=== DATASET EXTRACT ===
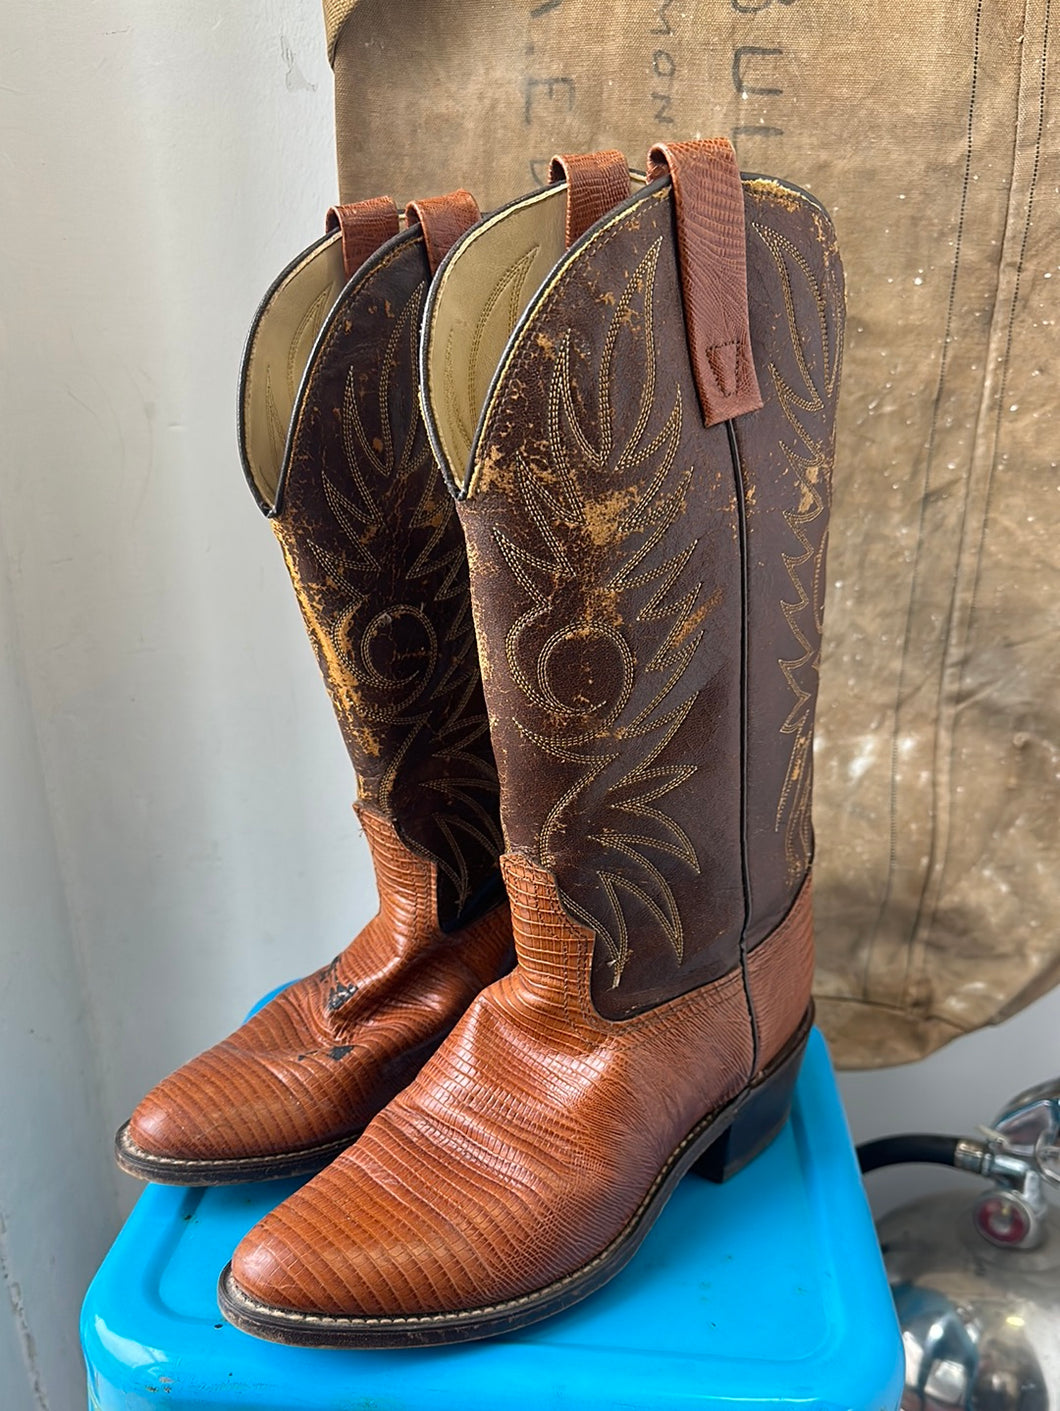 Unbranded Lizard Cowboy Boots - Brown - Size 9 M 10.5 W
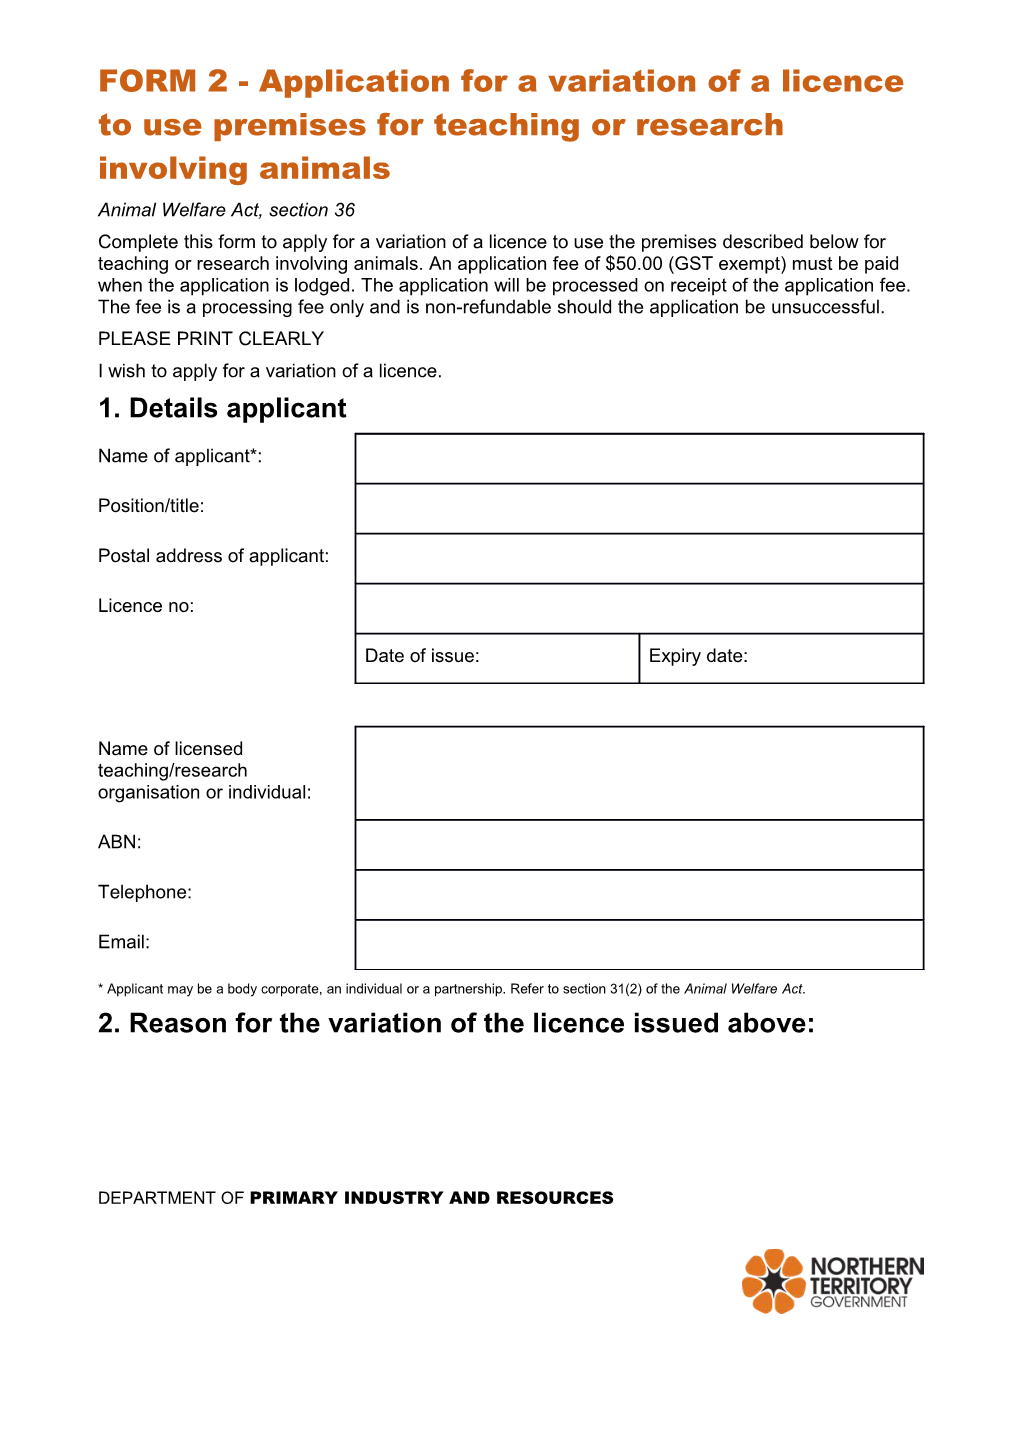 FORM 2 - Application for a Variation of a Licence to Use Premises for Teaching Or Research
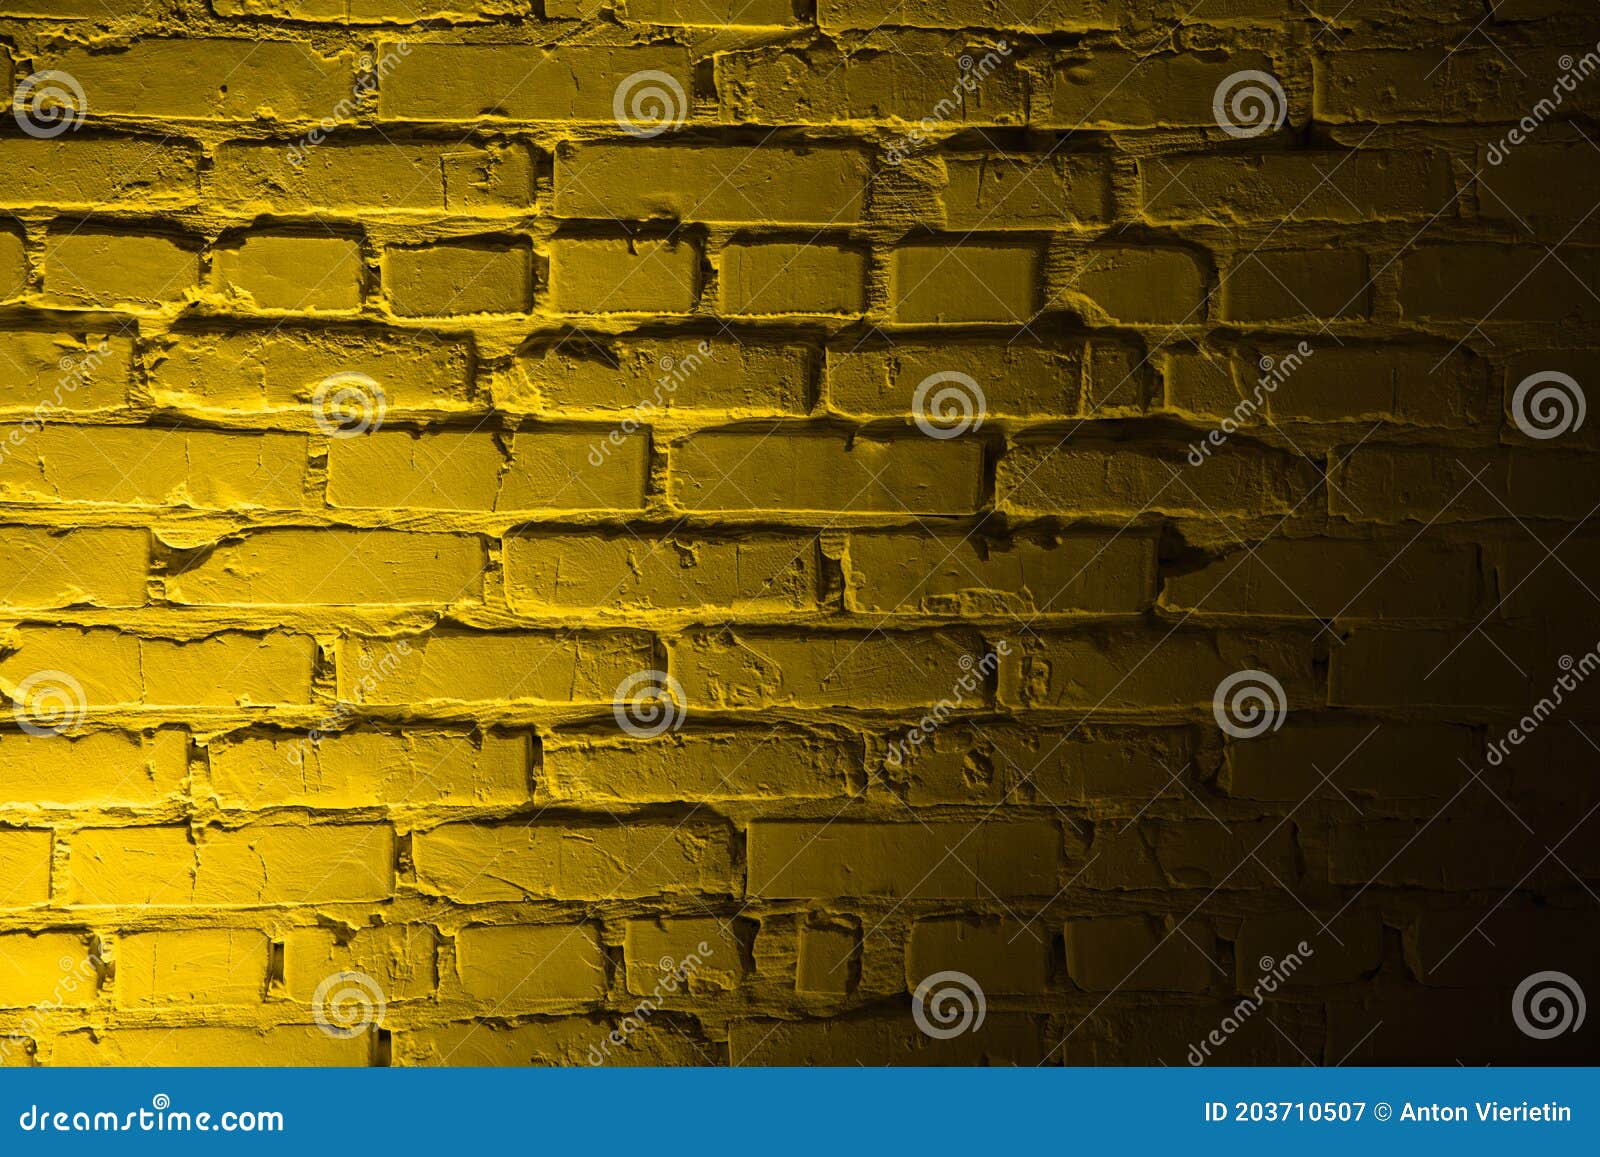 Background of Empty Brick Wall with Yellow Neon Light Stock Image - Image  of isolated, abstract: 203710507
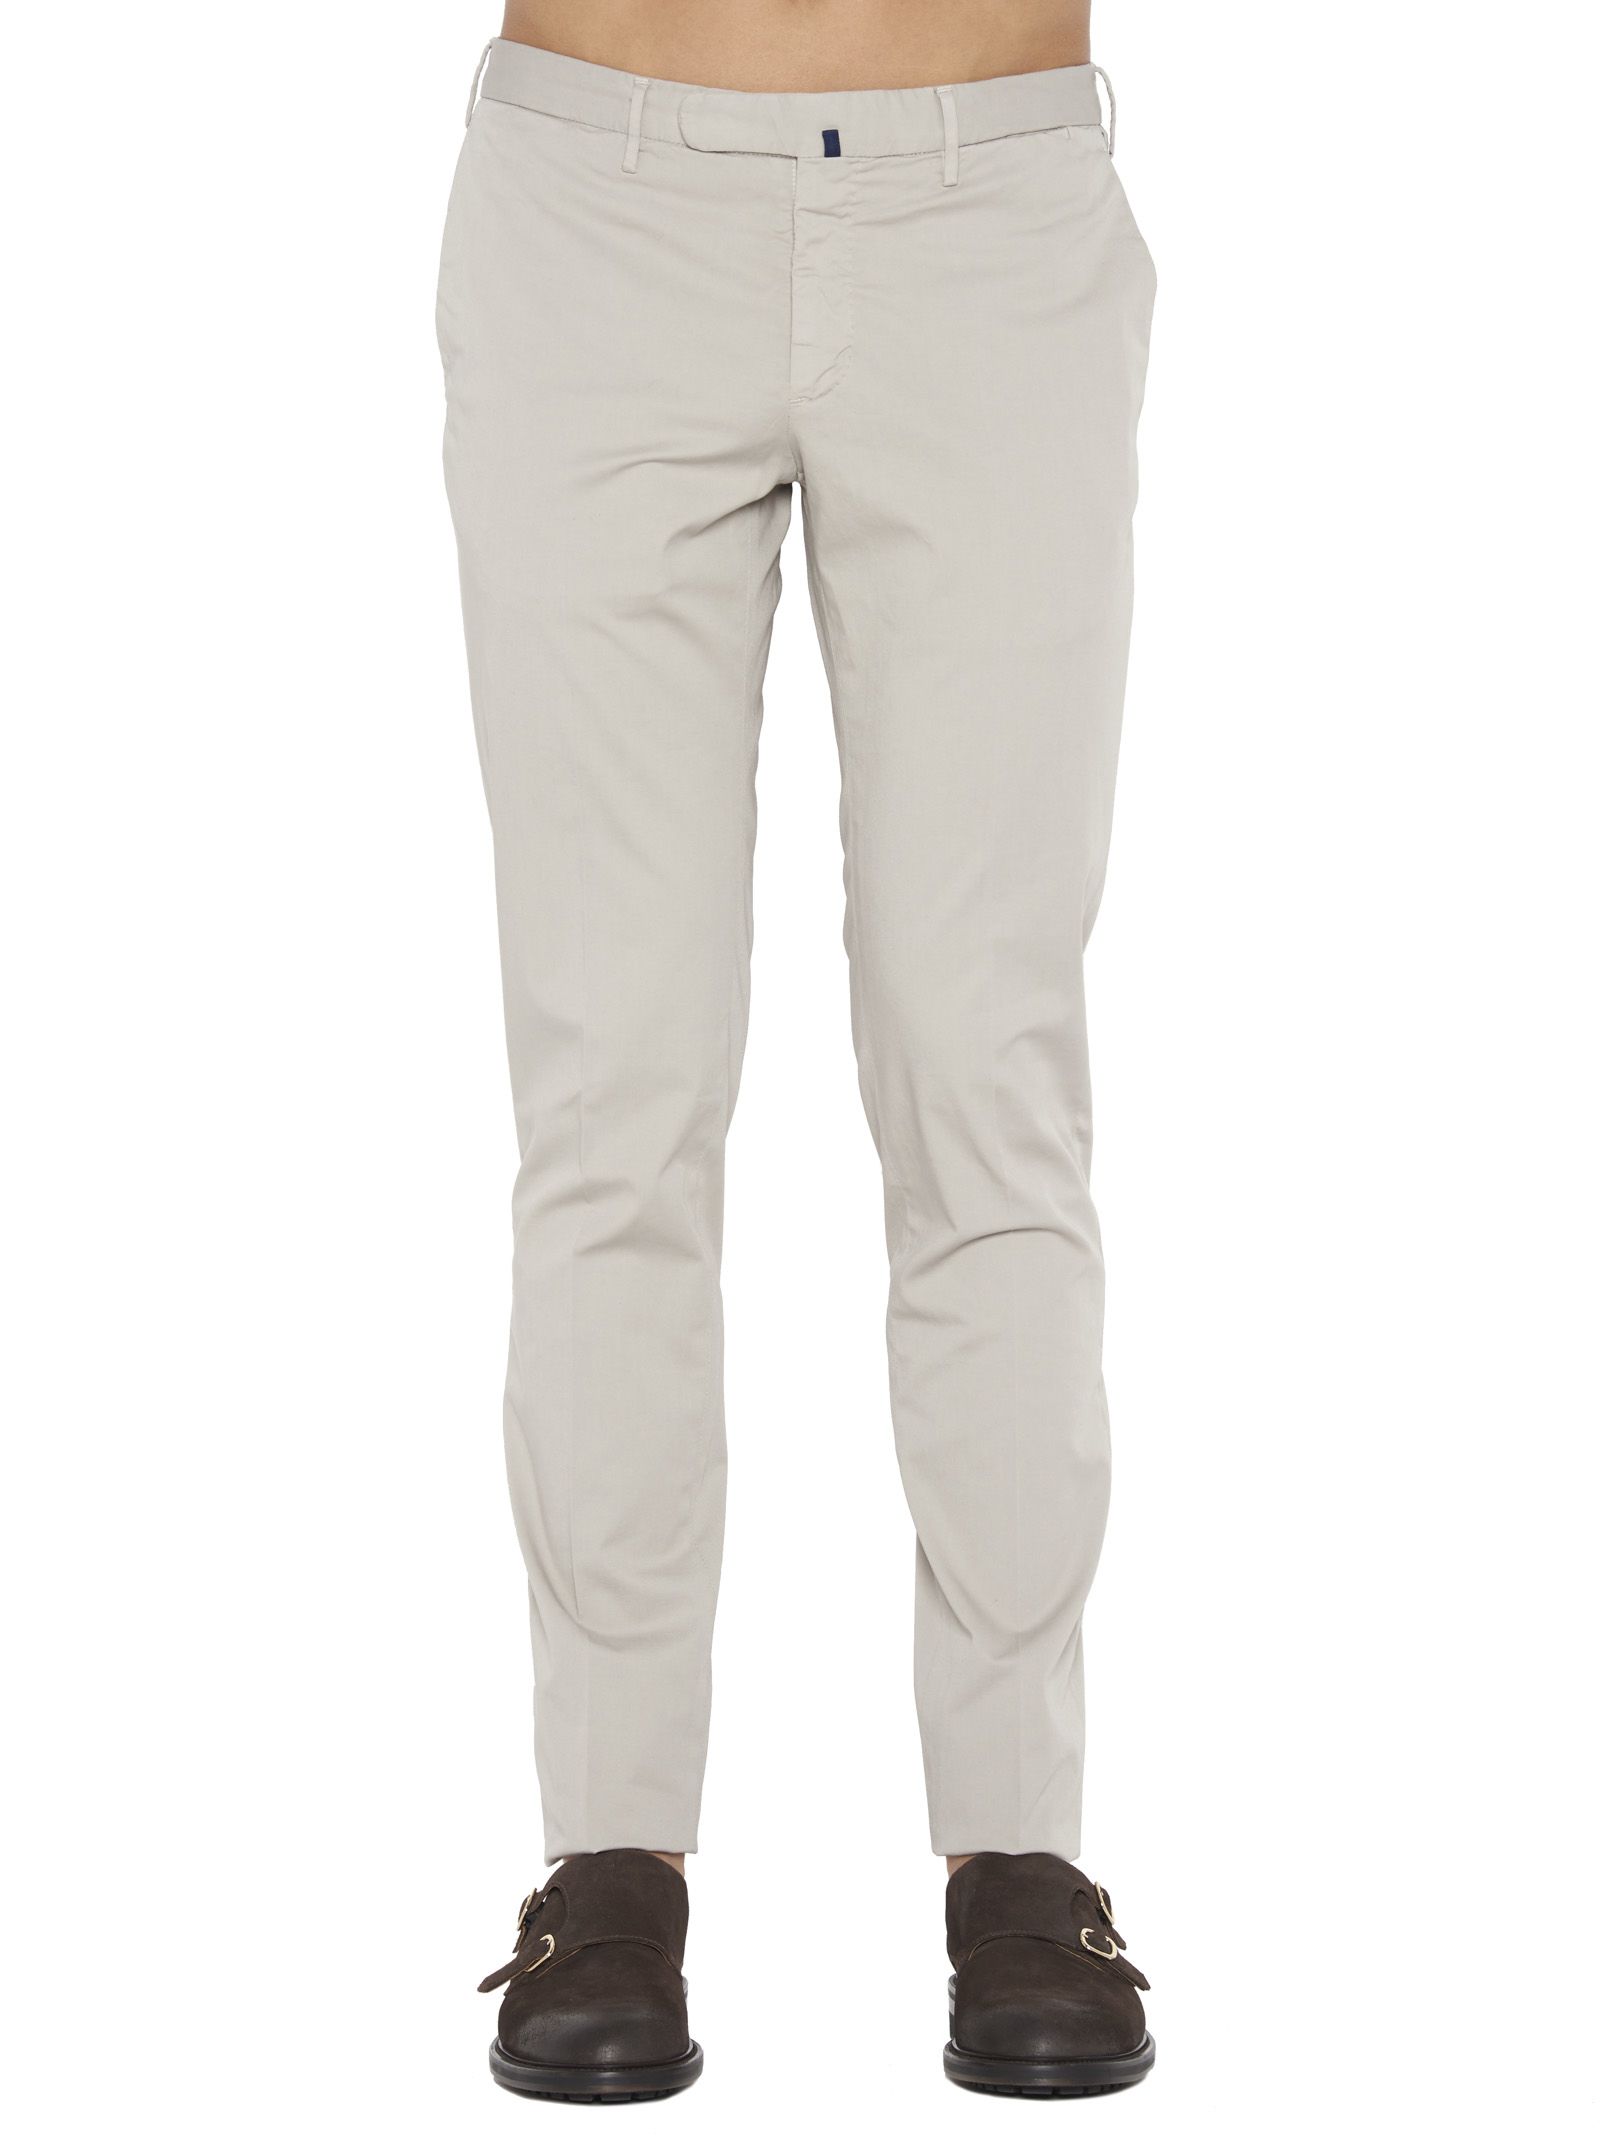 italist | Best price in the market for Incotex Incotex Pants - Grey
===
— THE PROBLEM —
Write out the whole listing again, exactly, with no pictures.

— RESPONSE BELOW —
 Unbranded Lizard Cowboy Boots - Brown - Size 9 M 10.5 W
 FORM 2 - Application for a Variation of a Licence to Use Premises for Teaching Or Research
 Background of Empty Brick Wall with Yellow Neon Light Stock Image - Image  of isolated, abstract: 203710507
 italist | Best price in the market for Incotex Incotex Pants - Grey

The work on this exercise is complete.